Japan Nuclear Fuel Conversion Co. (now known as JCO) admitted that it violated both normal safety standards and legal requirements. They faced legal action. The plant’s operating license was revoked in 2000.

Lessons learned from the incident have been shared through nuclear professionals worldwide.

The International Atomic Energy Agency (IAEA) says the cause of this accident was “human error and serious breaches of safety principles”.

Lessons Learned

Nuclear accidents of any scale are undeniably catastrophic events with potentially far-reaching consequences. However, these tragic incidents have served as hard-learned lessons for the nuclear industry. An incident like that at Tokaimura spurs a collective commitment to enhance safety protocols, technological advancements, and regulatory frameworks. Stringent international standards and regulations, coupled with advancements in reactor design and emergency response procedures, have transformed the nuclear sector into one of the safest industries globally.

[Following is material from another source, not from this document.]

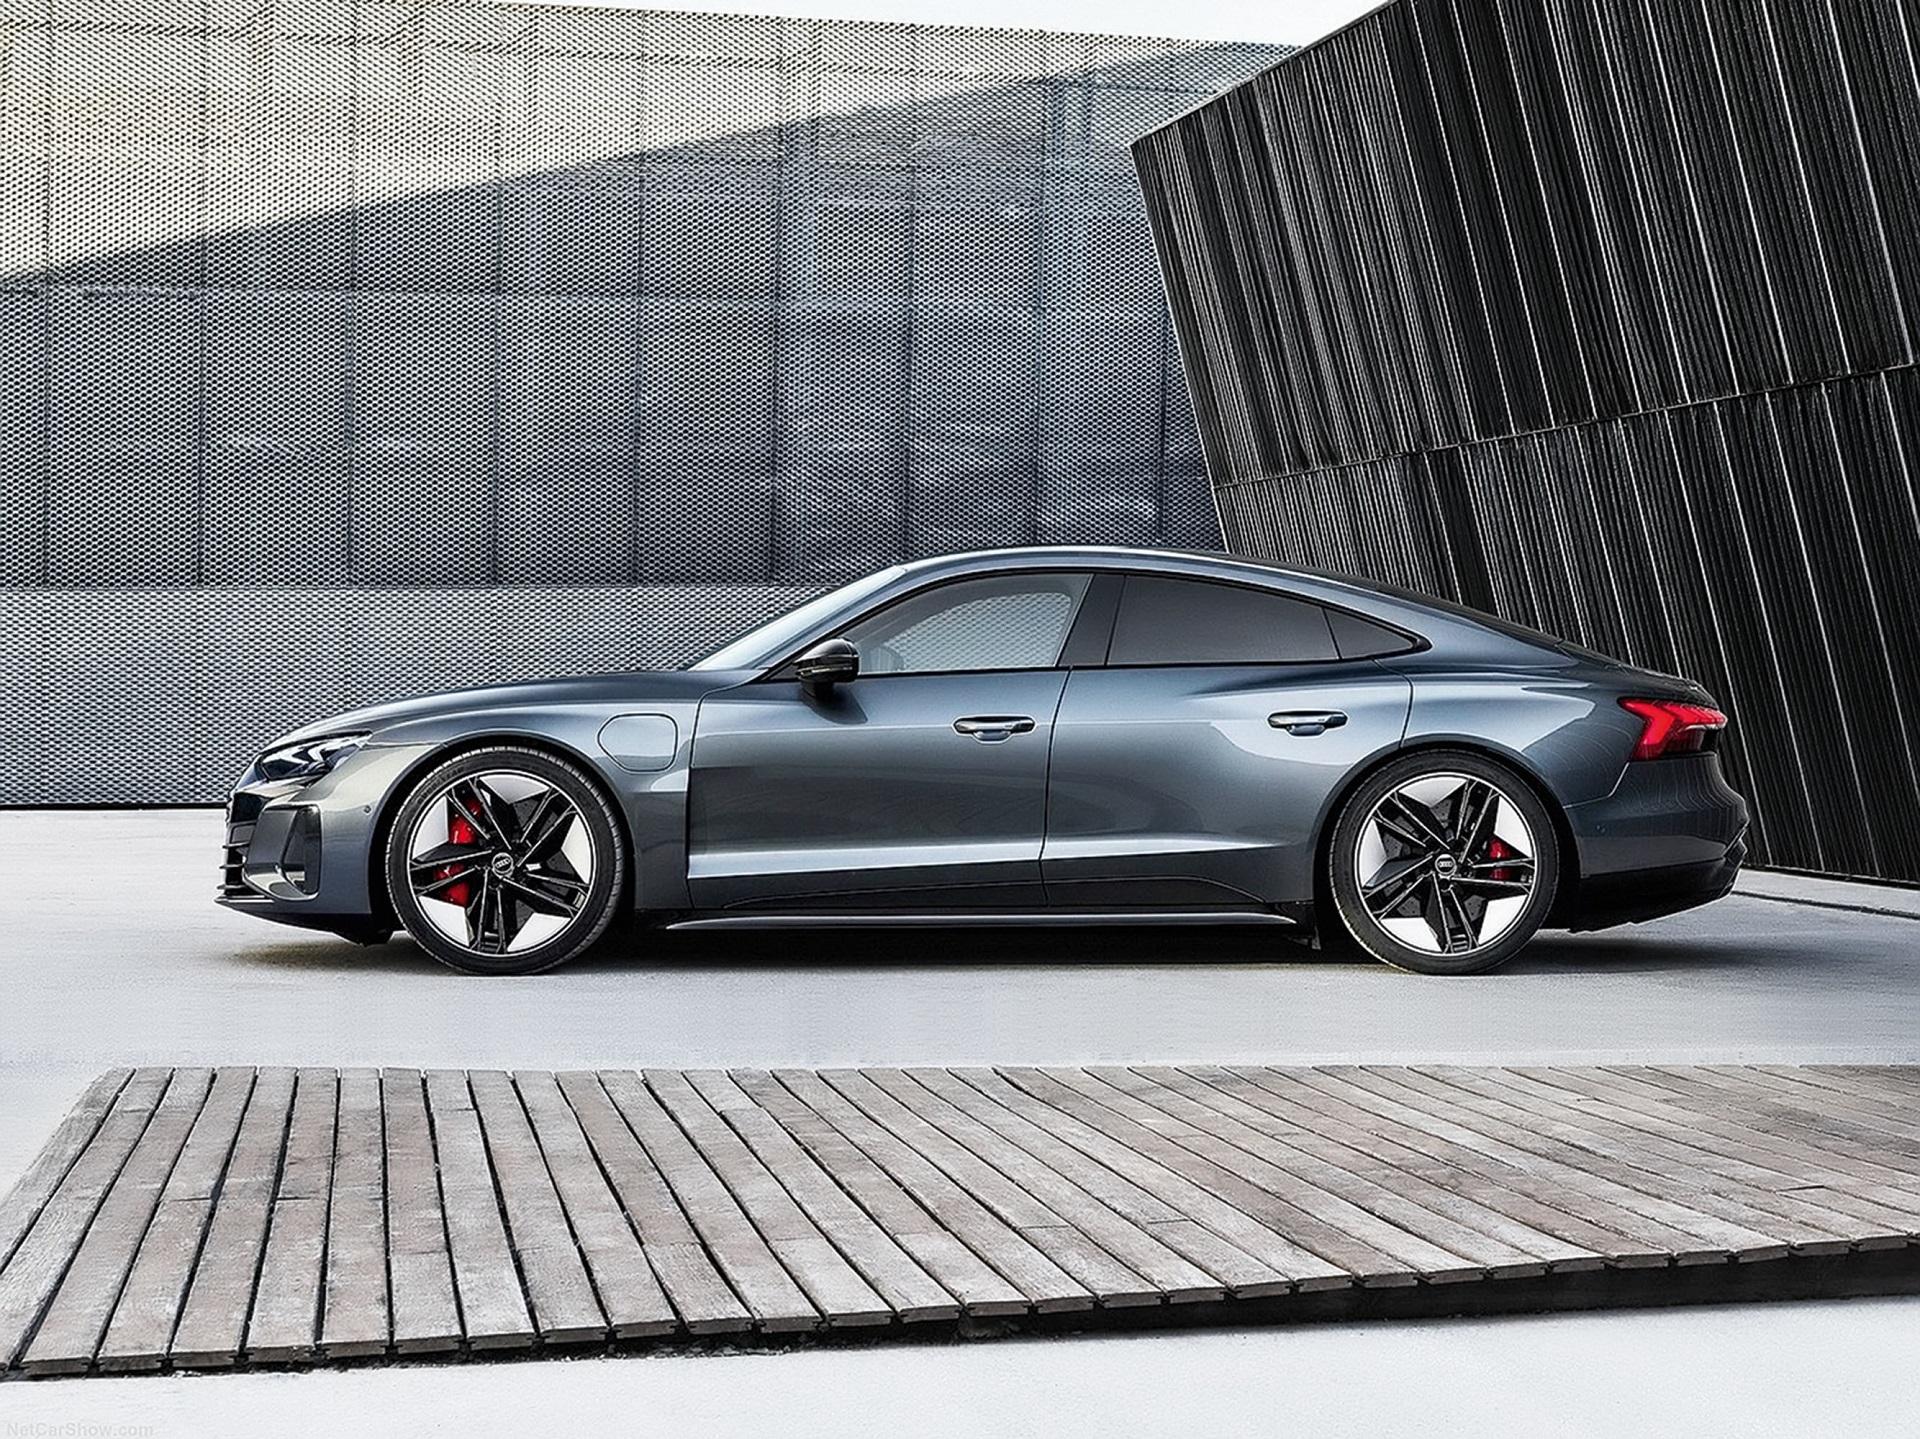 Design das rodas favorece a aerodinâmica lateral do carro
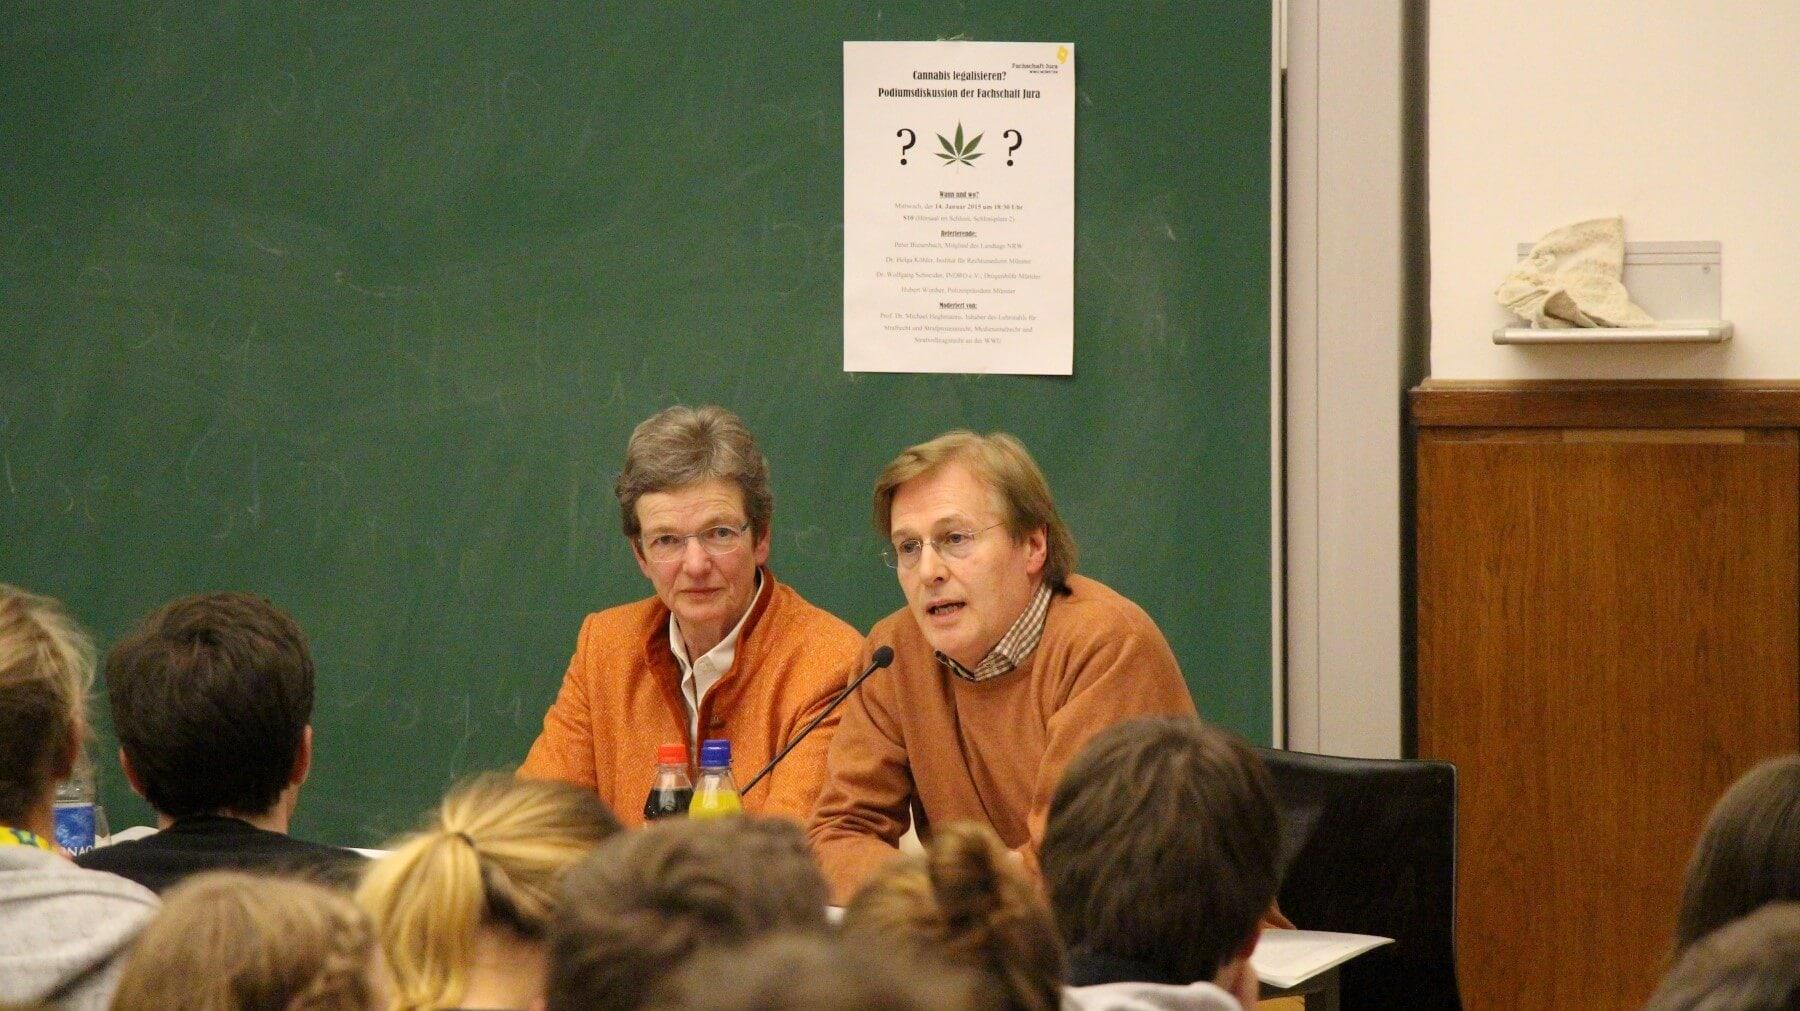 Prohibionisten: Peter Biesenbeck, CDU MdL NRW

Examples of some of these lessons learned from the Tokaimura accident are highlighted below.

Training

Training

People who oversee operations that may have an impact on nuclear safety receive thorough training so they are familiar with the operational procedures and relevant operation limits and conditions.

Regulation

Regulation

A nuclear regulator is an independent body who exists to ensure safety of nuclear facilities. Regulatory bodies ensure nuclear safety is under constant examination and not allow unauthorized changes or procedures.

Organisation Drift

Organisation Drift

All changes taking place in an organisation are reviewed to ensure there is no deviation from approved procedures. All changes are documented and authorised.

Communication

Communication

Establishing information flow from the site to decision-makers and experts is given high priority by the facility, local governments, and regulatory authorities. Facts should be quickly transferred without editing to the appropriate authorities.

Safety Culture

Safety Culture

Establishing a strong safety culture is one of the fundamental management principles for an organisation dealing with radioactive material. A strong safety culture influences the organisations attitudes, approaches and commitment of individuals at all levels.

Radiation Monitoring

Radiation Monitoring

Dosimetry instrumentation must be provided and dose assessment should be followed up and checked even during normal operations.